2009-03-04/Truth and reconciliation are also on the agenda in the Middle East
Truth and reconciliation are also on the agenda in the Middle East
By Michael de Laine, Copenhagen, 4 March 2009
Truth and reconciliation processes are probably best known from South Africa (1995), but they stem from the Nuremberg Trials after the Second World War and truth and reconciliation processes in South America – Argentina in 1983, Chile in 1990.
Unlike these, however, the truth and reconciliation processes that have started in the Arab Middle East are not connected with transitions from one form of rule to another, but have taken place under a continuing rule – sometimes with the aid of the rulers, sometimes without.
Sune Haugbølle of the Department of Cross-Cultural and Regional Studies at the University of Copenhagen, has studied truth and reconciliation processes at close hand in Lebanon and Syria. He has also edited a book, ‘The Politics of Violence, Truth and Reconciliation in the Arab Middle East’, together with Anders Hastrup.
The book features studies of six Arab countries in which legacies of political violence have been challenged through various initiatives to promote “truth-telling” and transitional justice.

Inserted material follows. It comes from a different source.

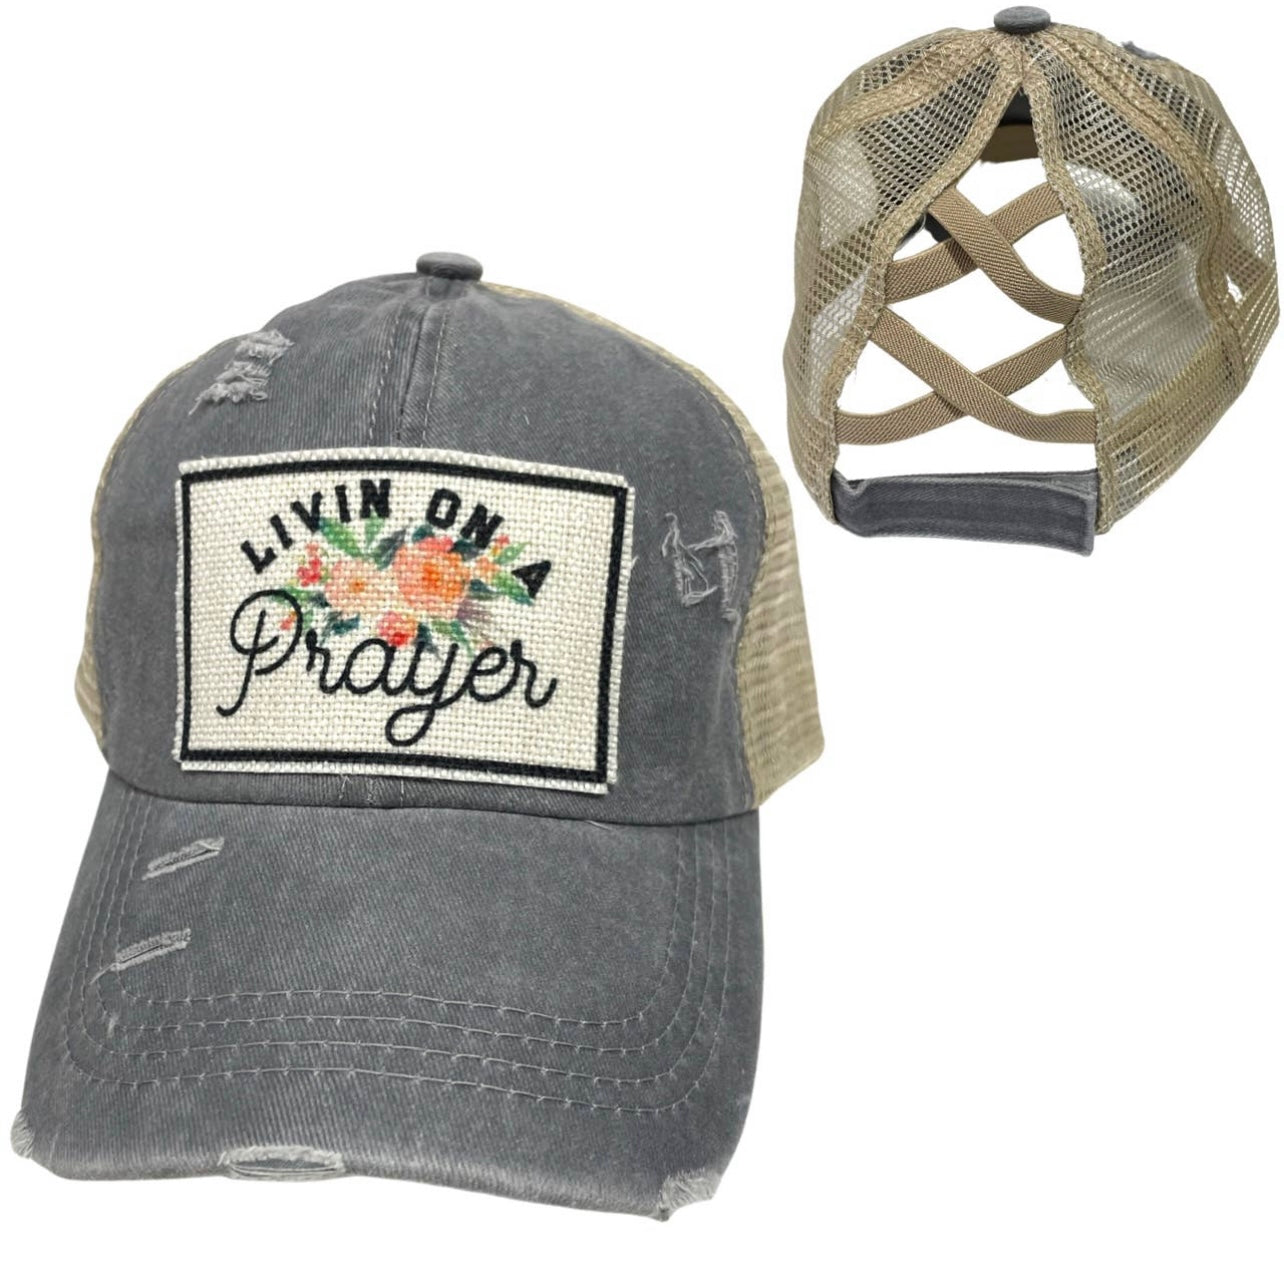 LIVIN' ON A PRAYER CRISS-CROSS PONYTAIL HAT

Pressure for political liberalisation and the growth of civil society and independent media inside Arab countries have prompted the debate about violent events in the post-colonial period. As well as Lebanon and Syria, both Morocco and Algeria have set up truth commissions, while the trial of Iraqi ruler Saddam Hussein is considered by come to be form of truth and reconciliation process.
And perhaps today’s announcement that the International Criminal Court (ICC) has now issued an arrest warrant against the present Sudanese president, Omar Hassan Ahmed al-Bashir, for crimes against humanity and war crimes against civilians in Darfur, can lead to a truth and reconciliation process in Sudan.
The book’s articles highlight how the interplay between state-orchestrated initiatives (such as truth and reconciliation committees and ministerial committees), civil society actors (including former political prisoners, investigative journalists and NGOs), and external actors (such as transnational NGOs, state-sponsored dialogue initiatives, the UN and the EU) is creating a new political field.
The book examines the extent to which this field challenges the Arab nation-state’s monopoly on history and violence, and asks whether public narratives of violence, memory and justice consolidate or challenge political legitimacy of current regimes.